The bottom panel of Table 2 shows the 95 % confidence intervals for the exponentiated regression coefficients computed using each approach. For interpretability, we present the confidence intervals for the exponentiated regression coefficients rather than for the regression coefficients themselves. Each confidence interval is computed by taking the corresponding regression coefficient estimate, adding and subtracting the quantity 1.96 multiplied by the standard error estimate, and exponentiating both values. Beside each 95 % confidence interval, we also present the corresponding regression coefficient estimate (after exponentiation).
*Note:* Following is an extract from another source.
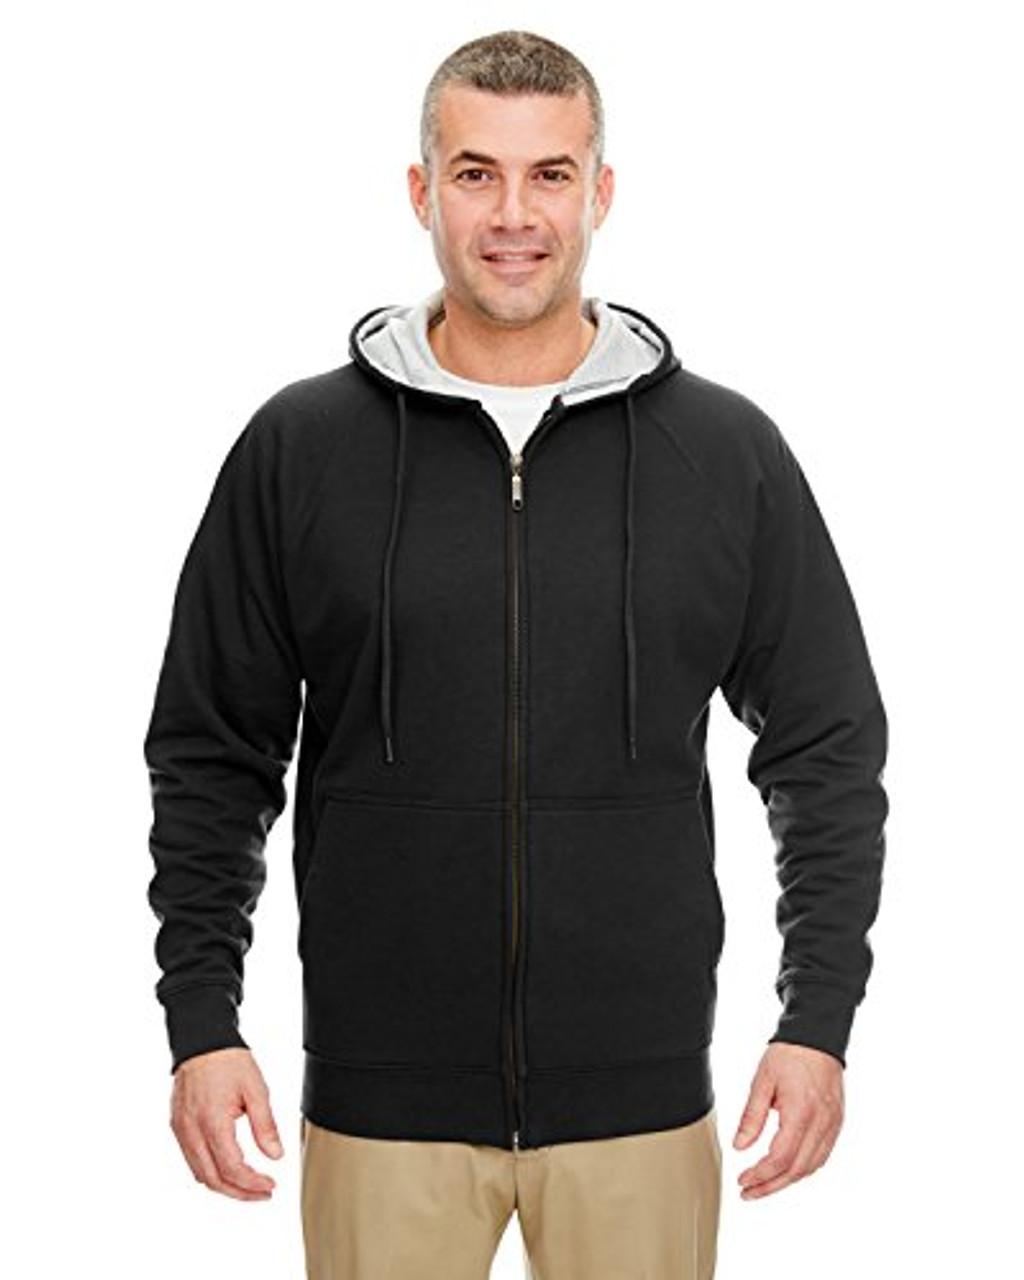 UltraClub Mens Rugged Wear Thermal-Lined Full-Zip Hoody
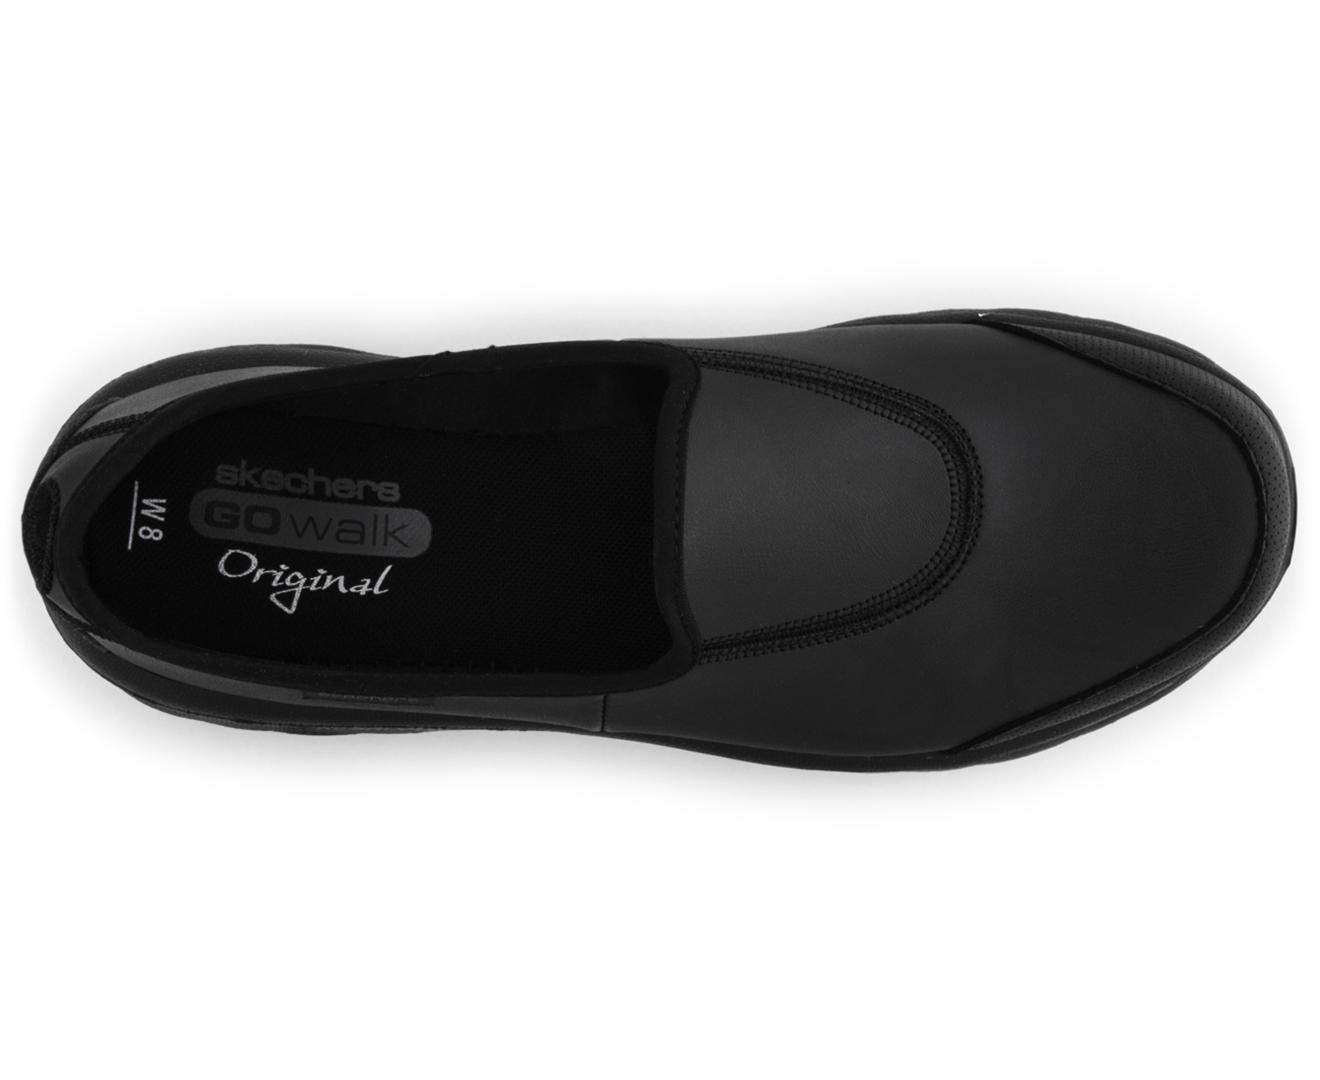 c4e642a6a08 Skechers Women's GoWalk Undercover Shoe - Black   Catch.com.au

Although there are some differences between the confidence intervals computed by the different approaches, the qualitative conclusions are the same. The various approaches all find that a person’s hazard for frailty increases with higher age, holding the other factors constant. Also, the hazard for frailty is lower for those who have education beyond high school than for those who have a high school education or less. Females have a higher hazard than males, holding other factors constant. All of the approaches concluded that the hazard for frailty is not statistically different between those who have ever smoked versus those who have never smoked, but the point estimate suggests that smoking raises the hazard. The hazard for frailty increases with higher CRP level, holding other factors constant.

6 Simulation studies

Through simulation, we evaluate the Cox and PG models in the grouped data setting. For the Cox model, the Laplace, Analytic, Efron’s, and Breslow’s tie-handling methods are separately applied. We compare the regression coefficient estimators with respect to bias, standard error, and root-mean-square error. Also, we evaluate the actual coverage probability of the nominal 95 % confidence interval for each method.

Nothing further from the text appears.